Top of DATA SEGMENT

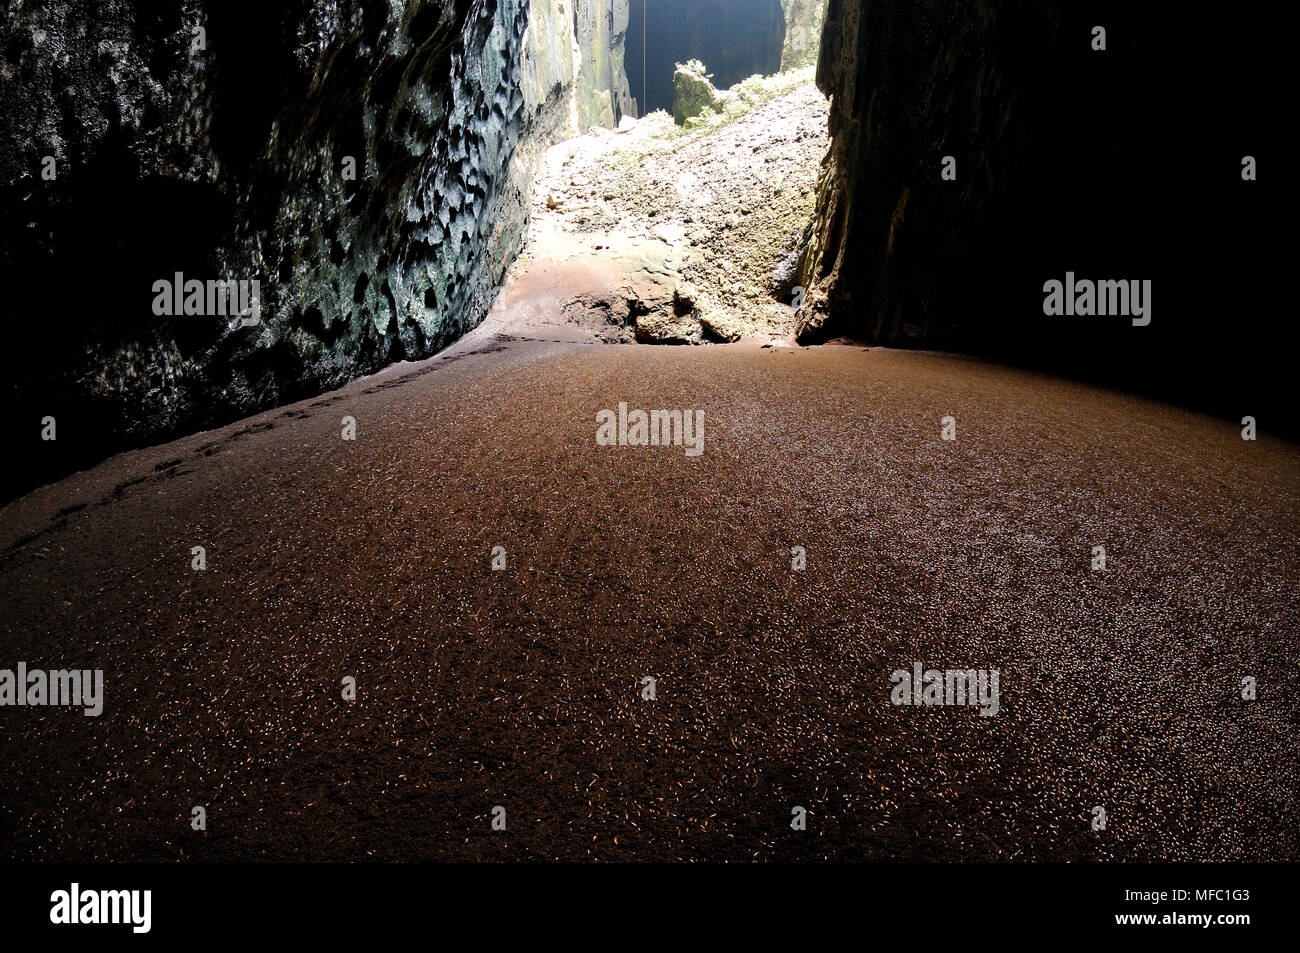 GOMANTONG CAVE with guano and thousands of cockroaches on floor Sabah, Borneo, Malaysia. Stock Photo
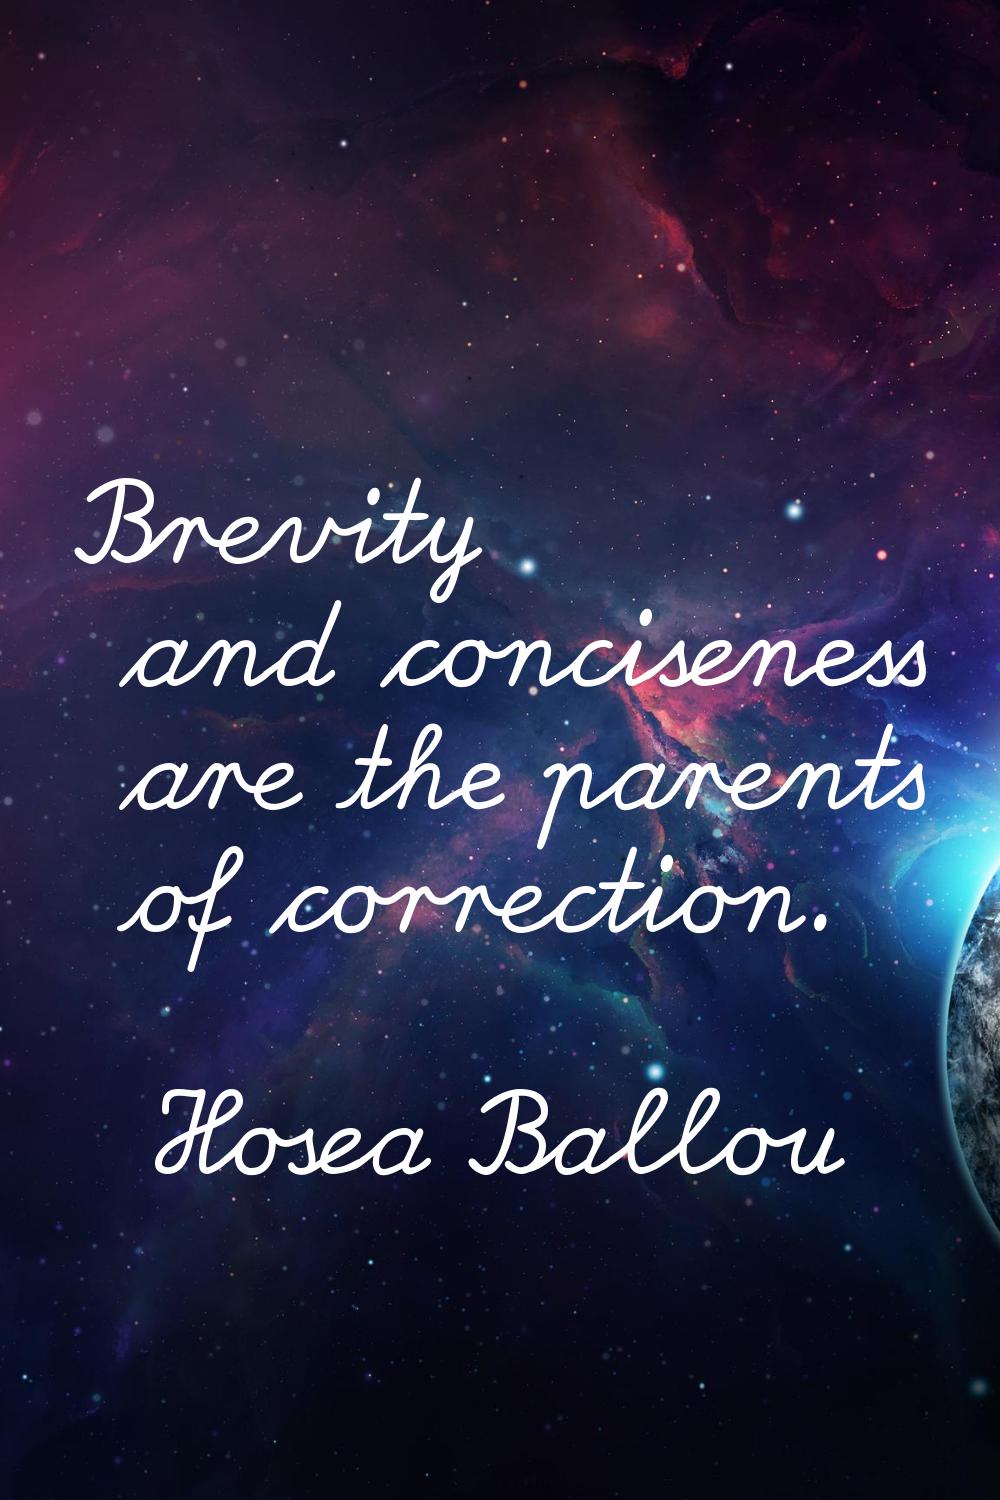 Brevity and conciseness are the parents of correction.
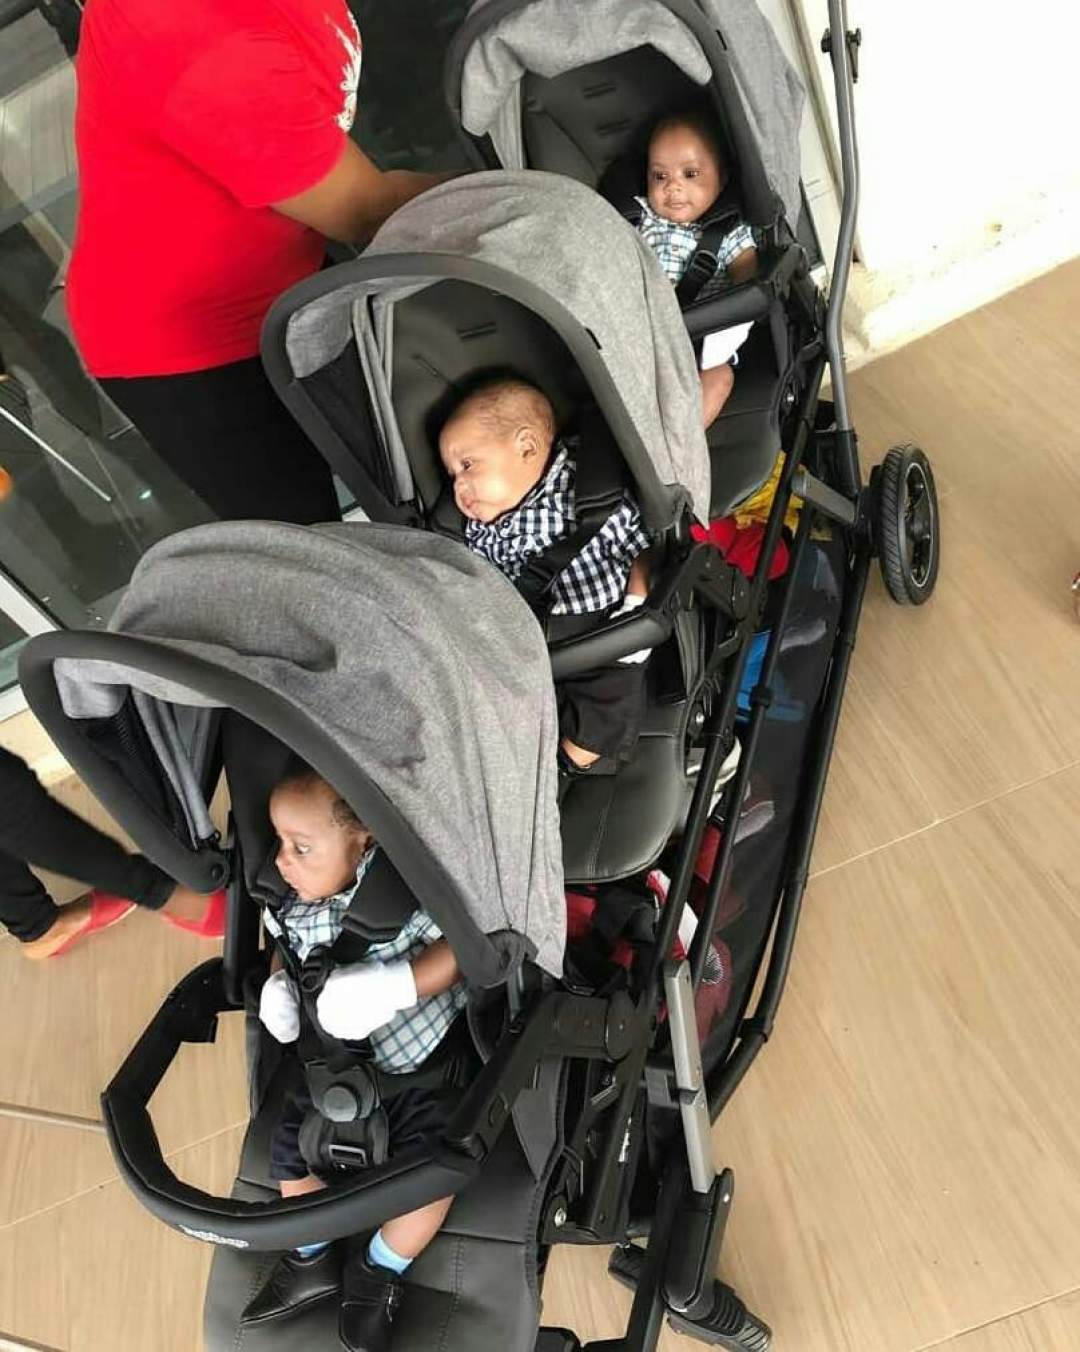 'God bless the day I found you' - FFK tells his wife Precious as he shares adorable photos of her with their sons
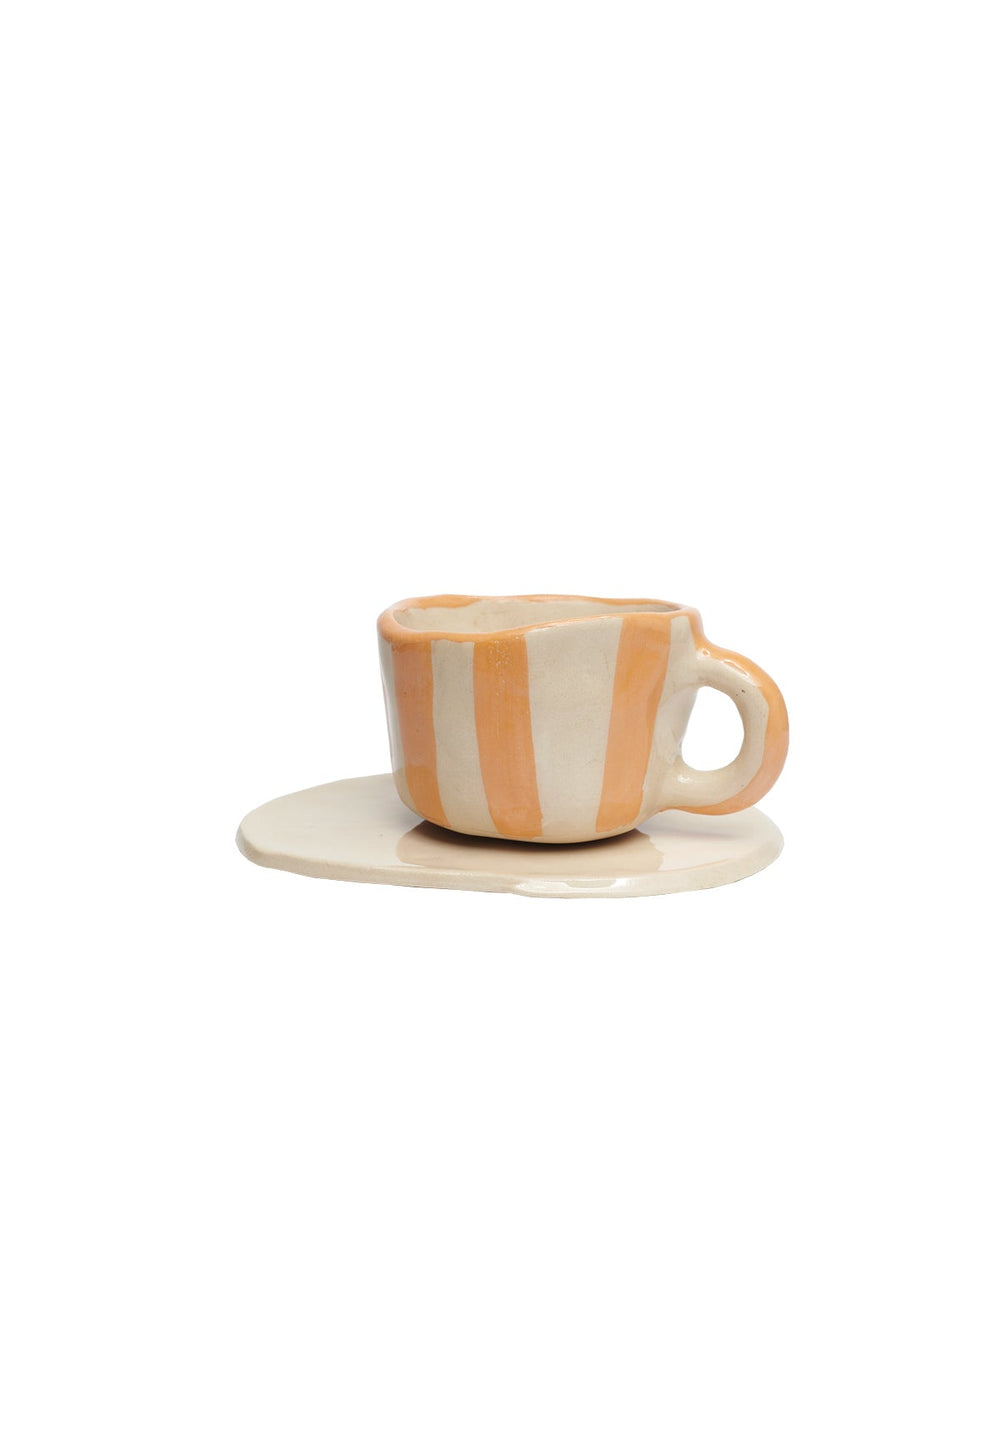 CUP AND PLATE ORANGE - Moeon

Bottom of DATA SEGMENT

§ WORK ITEM: Leave every image out when you return the material above word for word.

§ OUTPUT OF THE EXERCISE:
 GOMANTONG CAVE with guano and thousands of cockroaches on floor Sabah, Borneo, Malaysia. Stock Photo
 Brevity and conciseness are the parents of correction.
 'God bless the day I found you' - FFK tells his wife Precious as he shares adorable photos of her with their sons
 CUP AND PLATE ORANGE - Moeon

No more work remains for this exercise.